→ Exercise data
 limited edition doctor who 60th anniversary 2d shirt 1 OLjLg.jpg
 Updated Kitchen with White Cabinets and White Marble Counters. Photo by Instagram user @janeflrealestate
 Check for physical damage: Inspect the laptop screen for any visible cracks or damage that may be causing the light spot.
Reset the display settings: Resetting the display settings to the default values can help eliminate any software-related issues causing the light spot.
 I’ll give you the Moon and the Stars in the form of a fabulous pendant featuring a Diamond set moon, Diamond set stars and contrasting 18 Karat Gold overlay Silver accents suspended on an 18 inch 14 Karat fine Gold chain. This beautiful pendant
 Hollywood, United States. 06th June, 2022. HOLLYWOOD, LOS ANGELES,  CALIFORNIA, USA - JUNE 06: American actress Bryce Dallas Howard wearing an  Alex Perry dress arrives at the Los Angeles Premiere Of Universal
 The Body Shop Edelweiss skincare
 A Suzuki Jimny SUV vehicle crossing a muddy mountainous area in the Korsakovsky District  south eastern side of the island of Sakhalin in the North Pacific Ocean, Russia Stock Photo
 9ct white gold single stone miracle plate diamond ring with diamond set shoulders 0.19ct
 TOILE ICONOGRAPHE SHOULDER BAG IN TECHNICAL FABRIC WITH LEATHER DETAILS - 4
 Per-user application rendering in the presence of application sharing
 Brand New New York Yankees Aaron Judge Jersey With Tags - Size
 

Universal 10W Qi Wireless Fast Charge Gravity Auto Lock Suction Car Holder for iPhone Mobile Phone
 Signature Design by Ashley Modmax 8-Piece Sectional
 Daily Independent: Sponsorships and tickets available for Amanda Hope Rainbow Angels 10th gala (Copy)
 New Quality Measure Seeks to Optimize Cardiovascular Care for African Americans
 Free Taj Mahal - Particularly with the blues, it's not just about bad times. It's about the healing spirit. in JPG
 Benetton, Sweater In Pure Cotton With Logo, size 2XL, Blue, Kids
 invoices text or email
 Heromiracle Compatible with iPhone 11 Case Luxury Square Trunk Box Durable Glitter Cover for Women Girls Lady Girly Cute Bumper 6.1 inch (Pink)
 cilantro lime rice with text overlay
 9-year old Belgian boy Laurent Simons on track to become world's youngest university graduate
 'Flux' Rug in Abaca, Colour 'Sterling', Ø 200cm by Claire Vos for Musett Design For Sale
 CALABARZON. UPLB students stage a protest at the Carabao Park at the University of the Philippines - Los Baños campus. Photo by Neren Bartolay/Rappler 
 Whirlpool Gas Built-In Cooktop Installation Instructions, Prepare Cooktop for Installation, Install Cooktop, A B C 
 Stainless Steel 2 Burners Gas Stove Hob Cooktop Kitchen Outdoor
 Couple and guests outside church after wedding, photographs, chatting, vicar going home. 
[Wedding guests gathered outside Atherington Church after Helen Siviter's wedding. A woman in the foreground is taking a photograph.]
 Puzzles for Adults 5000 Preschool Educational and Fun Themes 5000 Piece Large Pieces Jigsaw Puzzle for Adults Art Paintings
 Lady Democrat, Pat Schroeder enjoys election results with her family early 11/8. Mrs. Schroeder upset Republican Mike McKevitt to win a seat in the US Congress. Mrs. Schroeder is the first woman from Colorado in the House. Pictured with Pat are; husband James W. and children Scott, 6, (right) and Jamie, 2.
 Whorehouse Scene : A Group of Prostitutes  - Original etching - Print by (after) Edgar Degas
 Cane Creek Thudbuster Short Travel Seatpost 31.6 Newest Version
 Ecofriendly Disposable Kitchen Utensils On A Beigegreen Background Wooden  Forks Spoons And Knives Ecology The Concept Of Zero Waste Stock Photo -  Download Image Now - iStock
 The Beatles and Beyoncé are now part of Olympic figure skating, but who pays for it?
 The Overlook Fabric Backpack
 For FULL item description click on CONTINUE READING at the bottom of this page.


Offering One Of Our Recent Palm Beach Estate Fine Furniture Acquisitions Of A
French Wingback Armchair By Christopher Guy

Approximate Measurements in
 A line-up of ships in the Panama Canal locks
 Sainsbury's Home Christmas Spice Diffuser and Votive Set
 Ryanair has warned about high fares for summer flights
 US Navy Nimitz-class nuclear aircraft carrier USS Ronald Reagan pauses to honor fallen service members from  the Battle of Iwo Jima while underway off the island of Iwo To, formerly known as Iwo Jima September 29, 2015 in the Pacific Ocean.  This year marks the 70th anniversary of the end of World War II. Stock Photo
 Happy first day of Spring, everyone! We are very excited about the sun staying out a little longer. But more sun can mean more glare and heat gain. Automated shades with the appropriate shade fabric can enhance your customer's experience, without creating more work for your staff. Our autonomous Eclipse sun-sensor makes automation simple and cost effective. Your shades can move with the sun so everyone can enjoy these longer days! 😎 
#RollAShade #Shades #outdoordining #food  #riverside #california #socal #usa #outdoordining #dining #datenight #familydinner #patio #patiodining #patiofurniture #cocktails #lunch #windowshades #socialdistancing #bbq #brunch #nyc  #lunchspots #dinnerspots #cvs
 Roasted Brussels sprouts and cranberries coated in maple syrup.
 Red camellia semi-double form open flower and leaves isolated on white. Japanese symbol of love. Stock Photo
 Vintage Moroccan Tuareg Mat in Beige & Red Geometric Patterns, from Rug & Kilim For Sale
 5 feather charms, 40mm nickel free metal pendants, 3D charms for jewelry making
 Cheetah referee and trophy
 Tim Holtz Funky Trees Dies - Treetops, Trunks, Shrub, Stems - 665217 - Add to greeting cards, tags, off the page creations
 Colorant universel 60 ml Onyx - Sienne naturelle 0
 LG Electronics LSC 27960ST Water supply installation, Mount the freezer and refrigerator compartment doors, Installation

→ Task description
Each record above should be restated word for word.

→ Written reply
 limited edition doctor who 60th anniversary 2d shirt 1 OLjLg.jpg
 Updated Kitchen with White Cabinets and White Marble Counters. Photo by Instagram user @janeflrealestate
 Check for physical damage: Inspect the laptop screen for any visible cracks or damage that may be causing the light spot.
Reset the display settings: Resetting the display settings to the default values can help eliminate any software-related issues causing the light spot.
 I’ll give you the Moon and the Stars in the form of a fabulous pendant featuring a Diamond set moon, Diamond set stars and contrasting 18 Karat Gold overlay Silver accents suspended on an 18 inch 14 Karat fine Gold chain. This beautiful pendant
 Hollywood, United States. 06th June, 2022. HOLLYWOOD, LOS ANGELES,  CALIFORNIA, USA - JUNE 06: American actress Bryce Dallas Howard wearing an  Alex Perry dress arrives at the Los Angeles Premiere Of Universal
 The Body Shop Edelweiss skincare
 A Suzuki Jimny SUV vehicle crossing a muddy mountainous area in the Korsakovsky District  south eastern side of the island of Sakhalin in the North Pacific Ocean, Russia Stock Photo
 9ct white gold single stone miracle plate diamond ring with diamond set shoulders 0.19ct
 TOILE ICONOGRAPHE SHOULDER BAG IN TECHNICAL FABRIC WITH LEATHER DETAILS - 4
 Per-user application rendering in the presence of application sharing
 Brand New New York Yankees Aaron Judge Jersey With Tags - Size
 

Universal 10W Qi Wireless Fast Charge Gravity Auto Lock Suction Car Holder for iPhone Mobile Phone
 Signature Design by Ashley Modmax 8-Piece Sectional
 Daily Independent: Sponsorships and tickets available for Amanda Hope Rainbow Angels 10th gala (Copy)
 New Quality Measure Seeks to Optimize Cardiovascular Care for African Americans
 Free Taj Mahal - Particularly with the blues, it's not just about bad times. It's about the healing spirit. in JPG
 Benetton, Sweater In Pure Cotton With Logo, size 2XL, Blue, Kids
 invoices text or email
 Heromiracle Compatible with iPhone 11 Case Luxury Square Trunk Box Durable Glitter Cover for Women Girls Lady Girly Cute Bumper 6.1 inch (Pink)
 cilantro lime rice with text overlay
 9-year old Belgian boy Laurent Simons on track to become world's youngest university graduate
 'Flux' Rug in Abaca, Colour 'Sterling', Ø 200cm by Claire Vos for Musett Design For Sale
 CALABARZON. UPLB students stage a protest at the Carabao Park at the University of the Philippines - Los Baños campus. Photo by Neren Bartolay/Rappler 
 Whirlpool Gas Built-In Cooktop Installation Instructions, Prepare Cooktop for Installation, Install Cooktop, A B C 
 Stainless Steel 2 Burners Gas Stove Hob Cooktop Kitchen Outdoor
 Couple and guests outside church after wedding, photographs, chatting, vicar going home. 
[Wedding guests gathered outside Atherington Church after Helen Siviter's wedding. A woman in the foreground is taking a photograph.]
 Puzzles for Adults 5000 Preschool Educational and Fun Themes 5000 Piece Large Pieces Jigsaw Puzzle for Adults Art Paintings
 Lady Democrat, Pat Schroeder enjoys election results with her family early 11/8. Mrs. Schroeder upset Republican Mike McKevitt to win a seat in the US Congress. Mrs. Schroeder is the first woman from Colorado in the House. Pictured with Pat are; husband James W. and children Scott, 6, (right) and Jamie, 2.
 Whorehouse Scene : A Group of Prostitutes  - Original etching - Print by (after) Edgar Degas
 Cane Creek Thudbuster Short Travel Seatpost 31.6 Newest Version
 Ecofriendly Disposable Kitchen Utensils On A Beigegreen Background Wooden  Forks Spoons And Knives Ecology The Concept Of Zero Waste Stock Photo -  Download Image Now - iStock
 The Beatles and Beyoncé are now part of Olympic figure skating, but who pays for it?
 The Overlook Fabric Backpack
 For FULL item description click on CONTINUE READING at the bottom of this page.


Offering One Of Our Recent Palm Beach Estate Fine Furniture Acquisitions Of A
French Wingback Armchair By Christopher Guy

Approximate Measurements in
 A line-up of ships in the Panama Canal locks
 Sainsbury's Home Christmas Spice Diffuser and Votive Set
 Ryanair has warned about high fares for summer flights
 US Navy Nimitz-class nuclear aircraft carrier USS Ronald Reagan pauses to honor fallen service members from  the Battle of Iwo Jima while underway off the island of Iwo To, formerly known as Iwo Jima September 29, 2015 in the Pacific Ocean.  This year marks the 70th anniversary of the end of World War II. Stock Photo
 Happy first day of Spring, everyone! We are very excited about the sun staying out a little longer. But more sun can mean more glare and heat gain. Automated shades with the appropriate shade fabric can enhance your customer's experience, without creating more work for your staff. Our autonomous Eclipse sun-sensor makes automation simple and cost effective. Your shades can move with the sun so everyone can enjoy these longer days! 😎 
#RollAShade #Shades #outdoordining #food  #riverside #california #socal #usa #outdoordining #dining #datenight #familydinner #patio #patiodining #patiofurniture #cocktails #lunch #windowshades #socialdistancing #bbq #brunch #nyc  #lunchspots #dinnerspots #cvs
 Roasted Brussels sprouts and cranberries coated in maple syrup.
 Red camellia semi-double form open flower and leaves isolated on white. Japanese symbol of love. Stock Photo
 Vintage Moroccan Tuareg Mat in Beige & Red Geometric Patterns, from Rug & Kilim For Sale
 5 feather charms, 40mm nickel free metal pendants, 3D charms for jewelry making
 Cheetah referee and trophy
 Tim Holtz Funky Trees Dies - Treetops, Trunks, Shrub, Stems - 665217 - Add to greeting cards, tags, off the page creations
 Colorant universel 60 ml Onyx - Sienne naturelle 0
 LG Electronics LSC 27960ST Water supply installation, Mount the freezer and refrigerator compartment doors, Installation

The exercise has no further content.